I got this email from Incra today and they have a great idea to help with dust control on their router table. I have a Kreg router table so it won't work for me but maybe they will copy Incras idea or I could bore some holes. Here is a link and be sure to watch the video.

Don

http://www.incrementaltools.com/Individual_INCRA_CleanSweep_MagnaLOCK_Rings_p/inc-csring-single.htm


----------



## woodchux (Jul 6, 2014)

Another innovative router idea, but wonder if that unit will fit ANY router & table. Incra dust collector and 6 rings is priced at $171 USD, while the individual rings are $11each USD, or all 6 rings for $50 USD. Me thinks a box could be built to house any size router - with or with out a lift, and with the Incra rings using a similar door idea with hose hook-up, it may work just as well. Be safe.


----------



## Marv (Nov 30, 2008)

woodchux said:


> Another innovative router idea, but wonder if that unit will fit ANY router & table. Incra dust collector and 6 rings is priced at $171 USD, while the individual rings are $11each USD, or all 6 rings for $50 USD. Me thinks a box could be built to house any size router - with or with out a lift, and with the Incra rings using a similar door idea with hose hook-up, it may work just as well.

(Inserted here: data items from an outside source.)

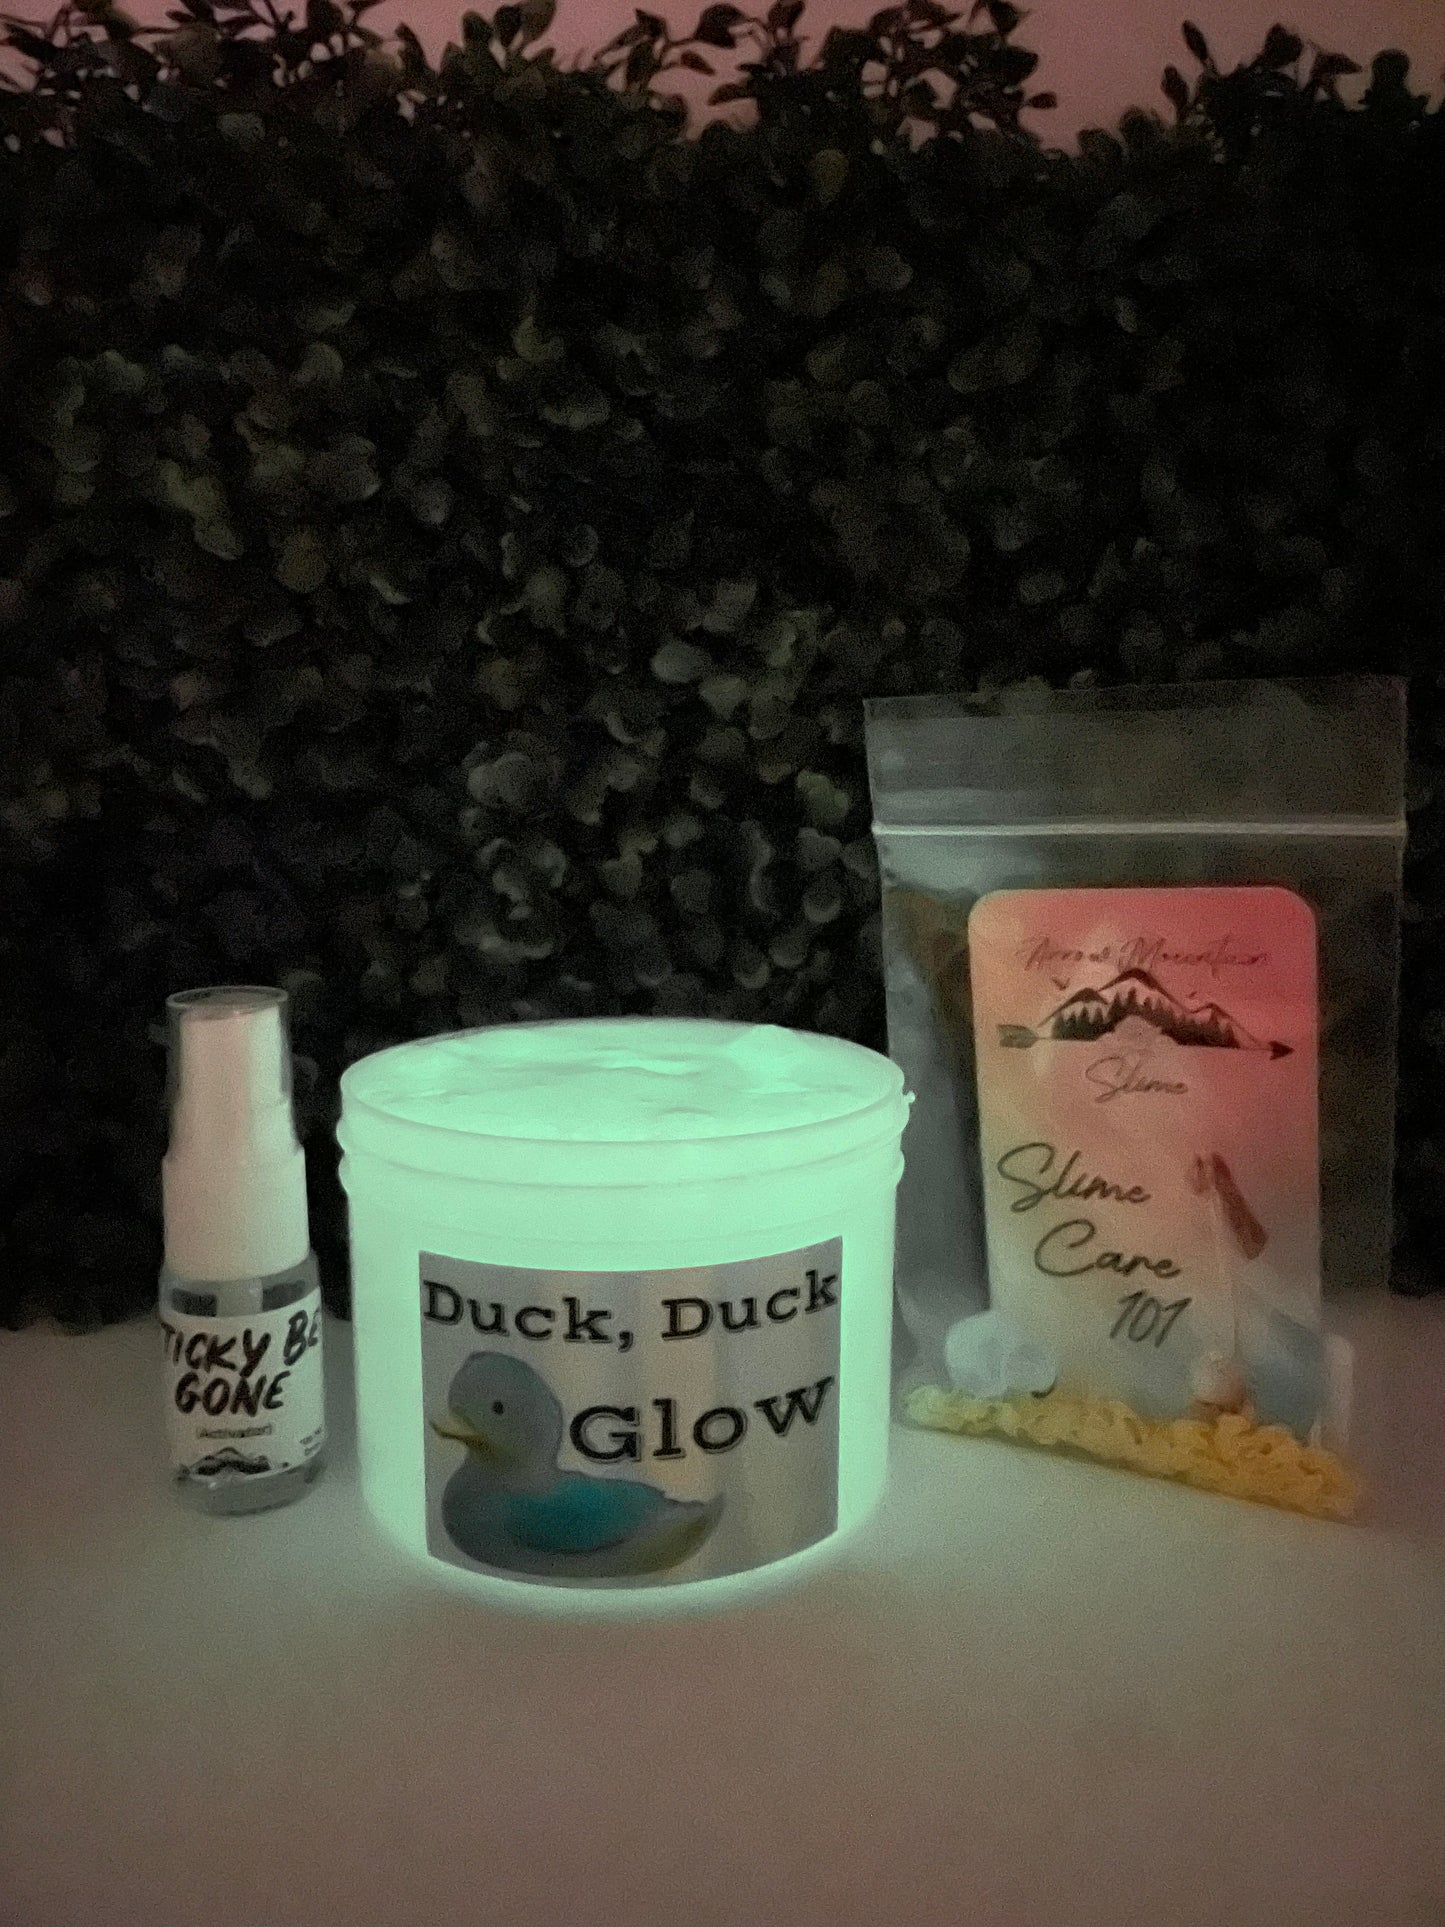 Duck Duck Glow
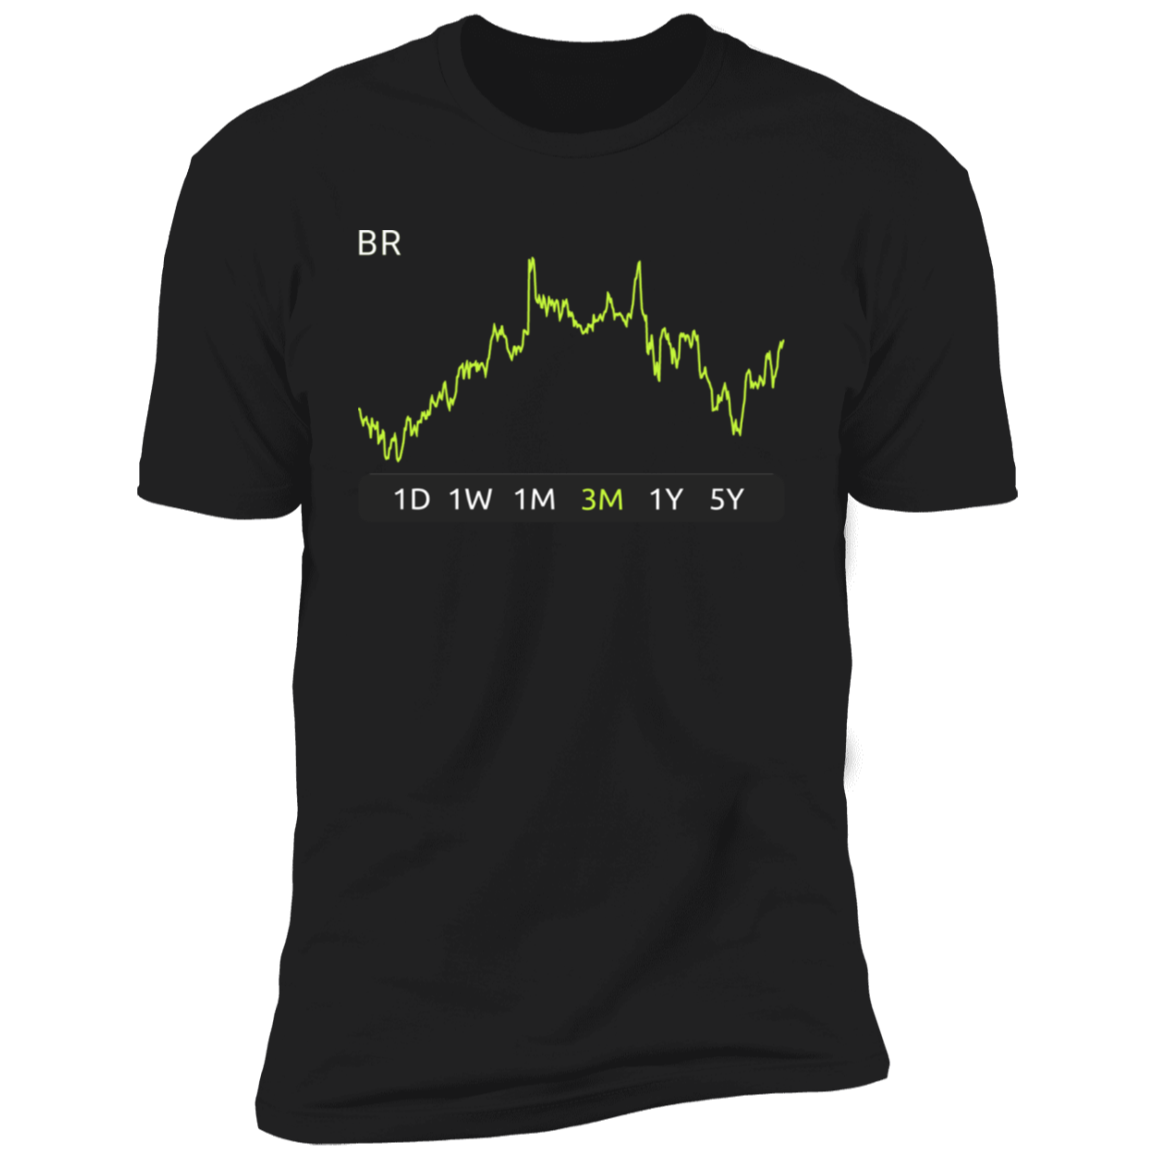 BR Stock 3m Premium T-Shirt
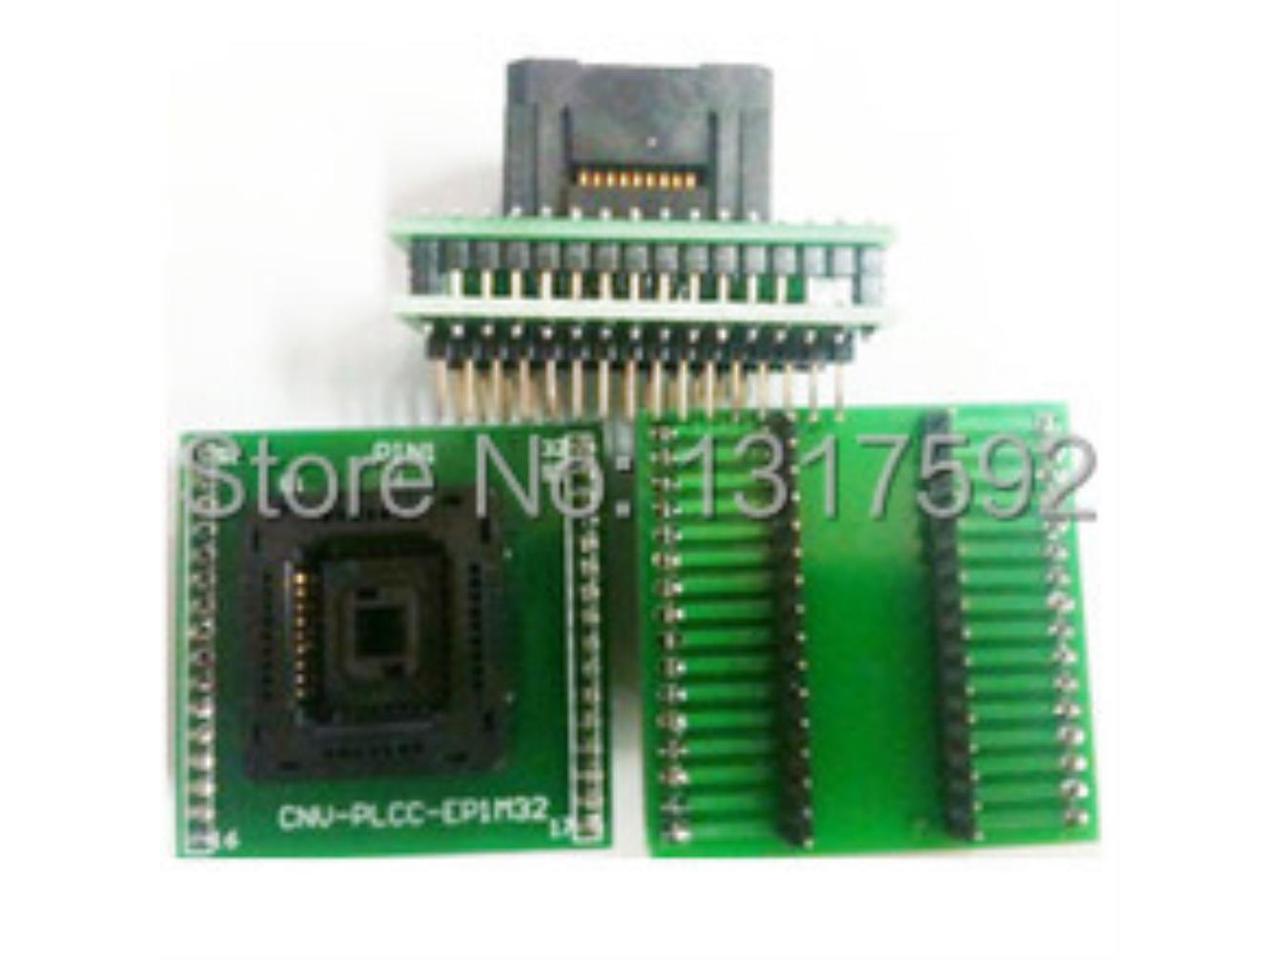 Plcc32 to dip32 programmer adapter ic socket converter module_N WD 
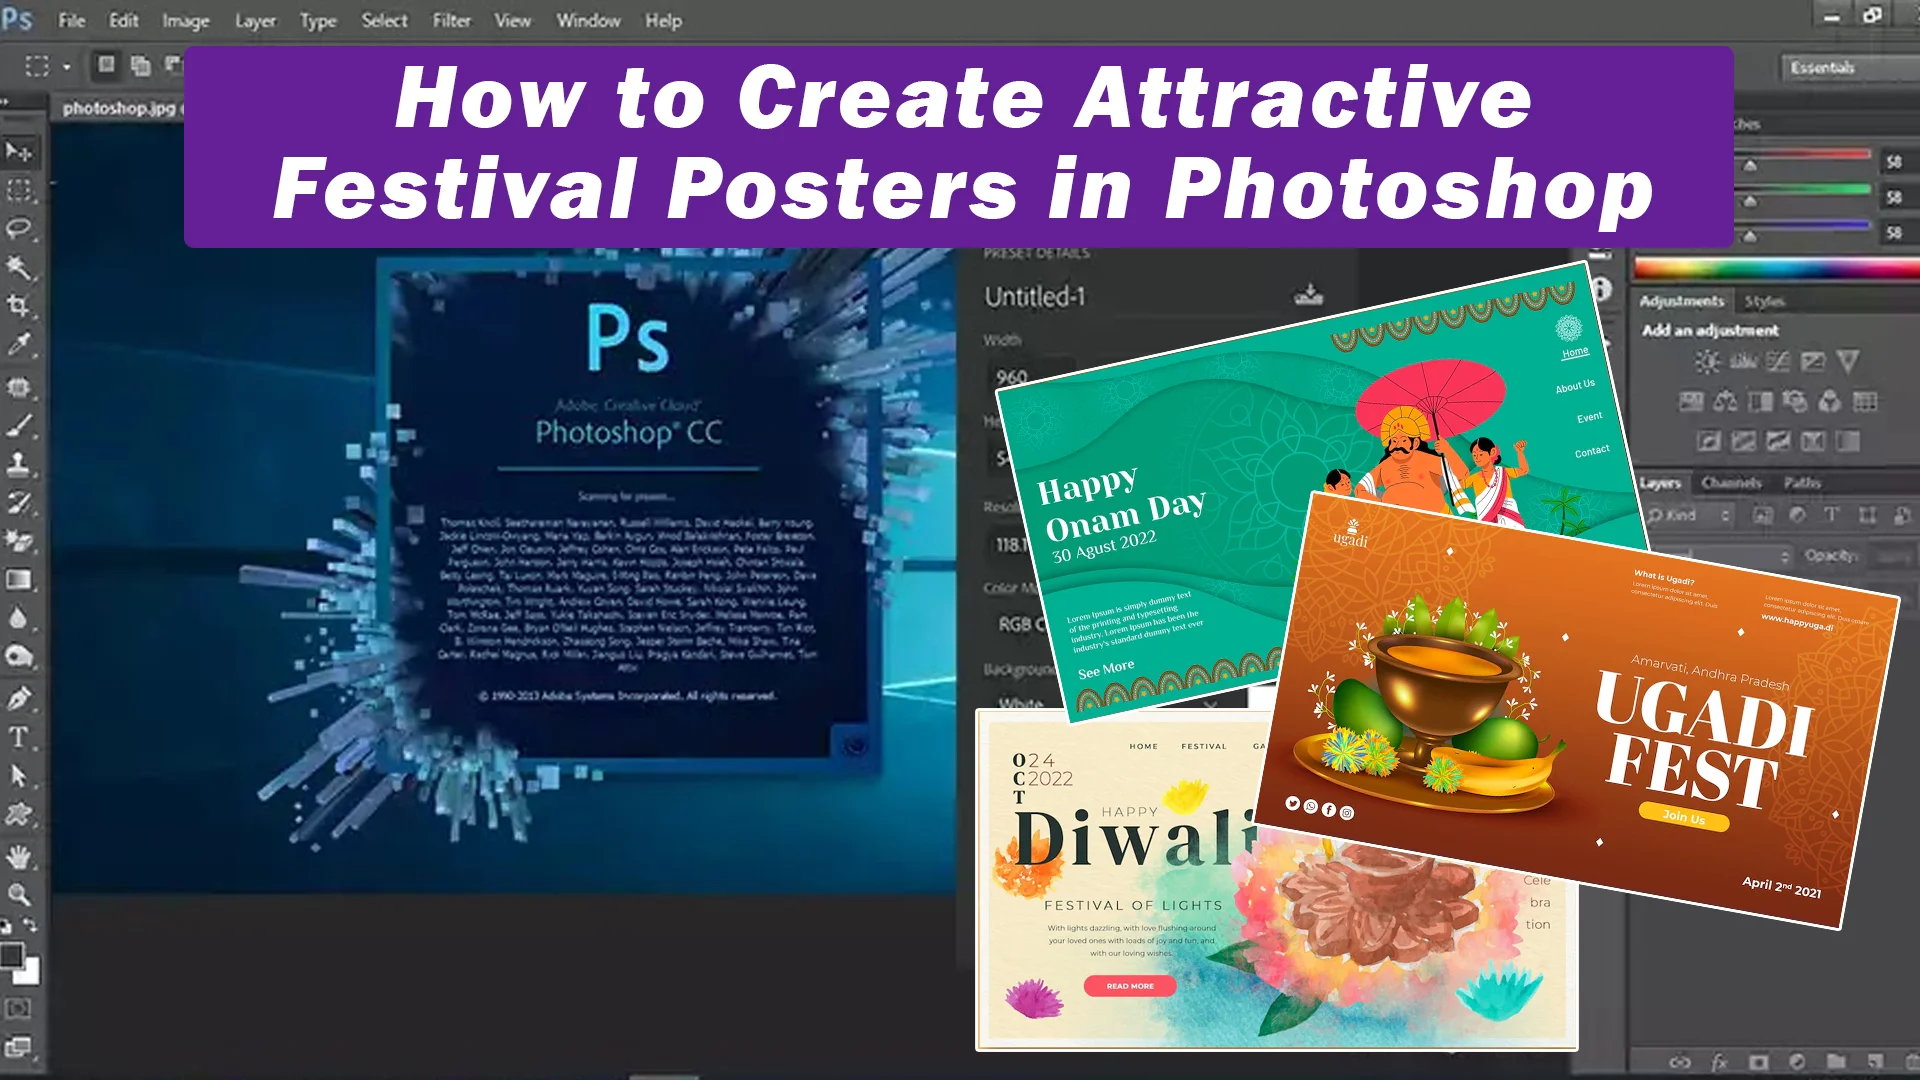 Beautiful Festival Posters Are Created by DigitalPosh Photoshop design education

Be safe.


That's exactly what I am doing on my latest router table build. I thought about buying the Incra box however it required an additional adapter to fit the Kreg table so I built a framework underneath to attach my own shop made box. I also made my own plate with removable insert rings and I'm just going to drill holes in them as you mentioned. I'll post some pics as soon as I get a chance to finish it.


----------



## woodnthings (Jan 24, 2009)

*seems counter productive...*

Unless I'm incorrect, my router motors blow upward to avoid sucking dust into them. Now we come along and want to draw the dust back down against the router motor's blower....

I just checked, and yup, the router motor cooling air blows up.

It don't make no sense to me, maybe I'm missin somthin?


----------